Mayahi (var. Mayaki) is a town located in the Maradi Region of Niger. It is the seat of Mayahi Department and a Commune about 45 km from Tessaoua. In 2012 it had a population of 14,000 in the urban area. The name "Mayaki" is also a rulers' title among the Sudié and Maouri: local subgroups of the Hausa people.

== Geography ==
Mayahi is in the Sahel region. The neighboring municipalities are Tchaké in the north, El Allassane Maïreyrey in the northeast, Issawane in the east, Kanan-Bakaché in the southeast, Aguié in the south, Sarkin Haoussa in the southwest and Attantané in the northwest. The dry valley Goulbi N'Kaba runs through Mayahi.

Mayahi Municipality consists of an urban and a rural part. The urban municipal area is divided into eight districts. These are called Guidan Karo, Hôpital de District, Mayahi Saboua, Mayahi Safou, Mayahi Sofoua, Mayahi Zongo, Sabon Gari and Zongo Guidan Issa. The settlements in the rural municipal area include 54 villages, 63 hamlets and 26 camps.

== History ==
The place is named after its first ruler, Mayahi. Before the arrival of the French at the turn of the 19th and 20th centuries, Mayahi was part of the independent state of Gobir. The British travel writer A. Henry Savage Landor visited the villages of Mayahi, Digaba and Gamouza in 1906 as part of his twelve-month journey across Africa. At the beginning of the 20th century, the French administration set up a canton in Mayahi, to which the dissolved canton of El Moctar was added in 1924. The 236 kilometer long trail for horse riders between the towns of Madaoua and Tessaoua, which ran through Mayahi, was considered one of the main transport routes in the former colony in the 1920s.

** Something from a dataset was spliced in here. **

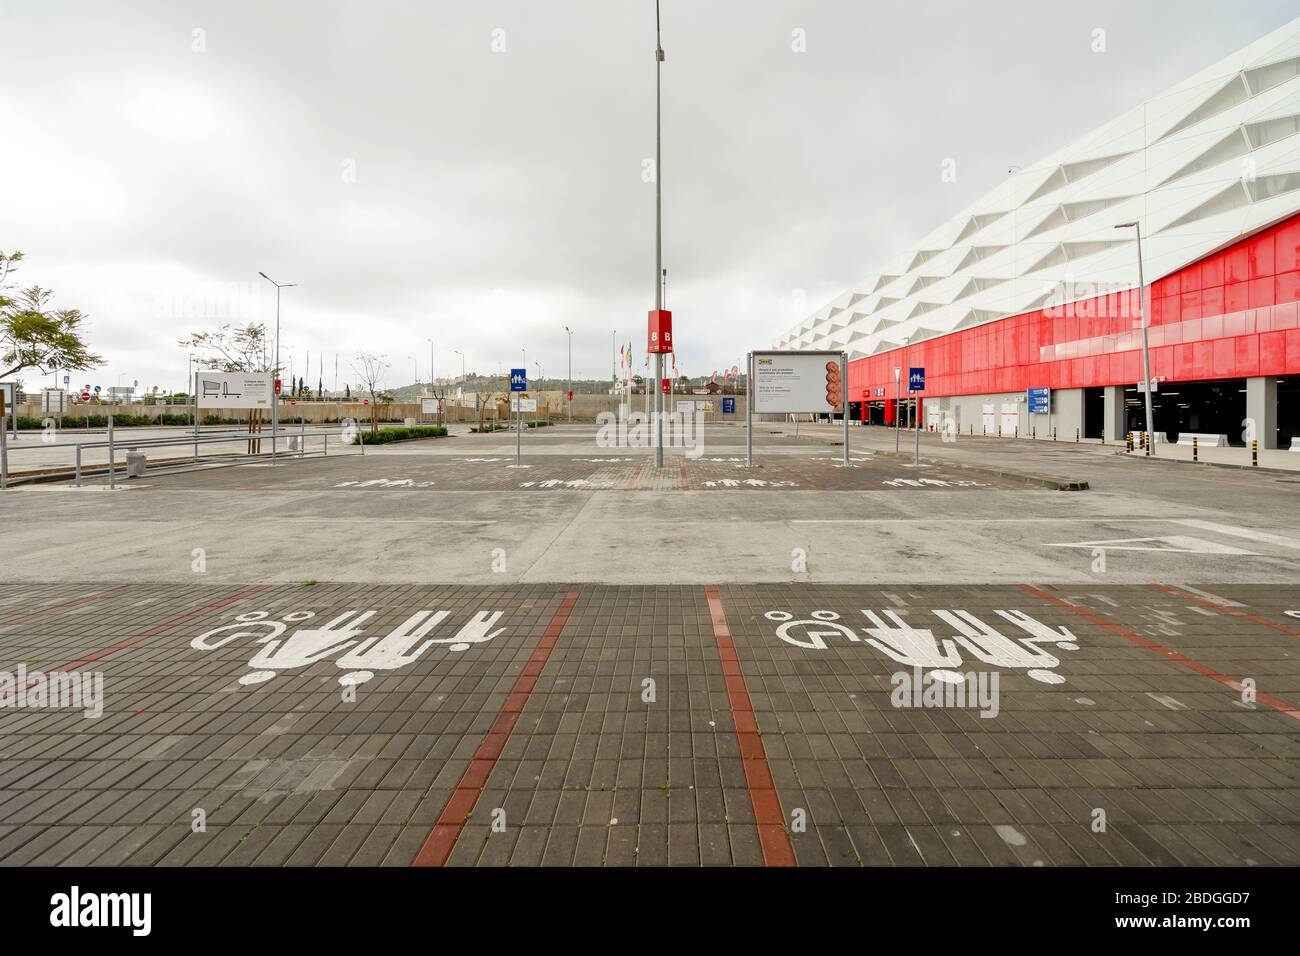 Faro, Portugal - April 7, 2020: Empty parking lot in front of the biggest  shopping mall in Algarve - MAR Shopping Mall, Designer Outlet and Ikea -  due Stock Photo - Alamy

In 2002, as part of a nationwide administrative reform, the territory of Mayahi Canton was divided into the municipalities of Mayahi as well as Attantané, Guidan Amoumoune (including the village of El Moctar) and Sarkin Haoussa.

== Economy ==
The city is located in a zone where rainfed farming is practiced. There is a livestock market in Mayahi. Market day is on Mondays.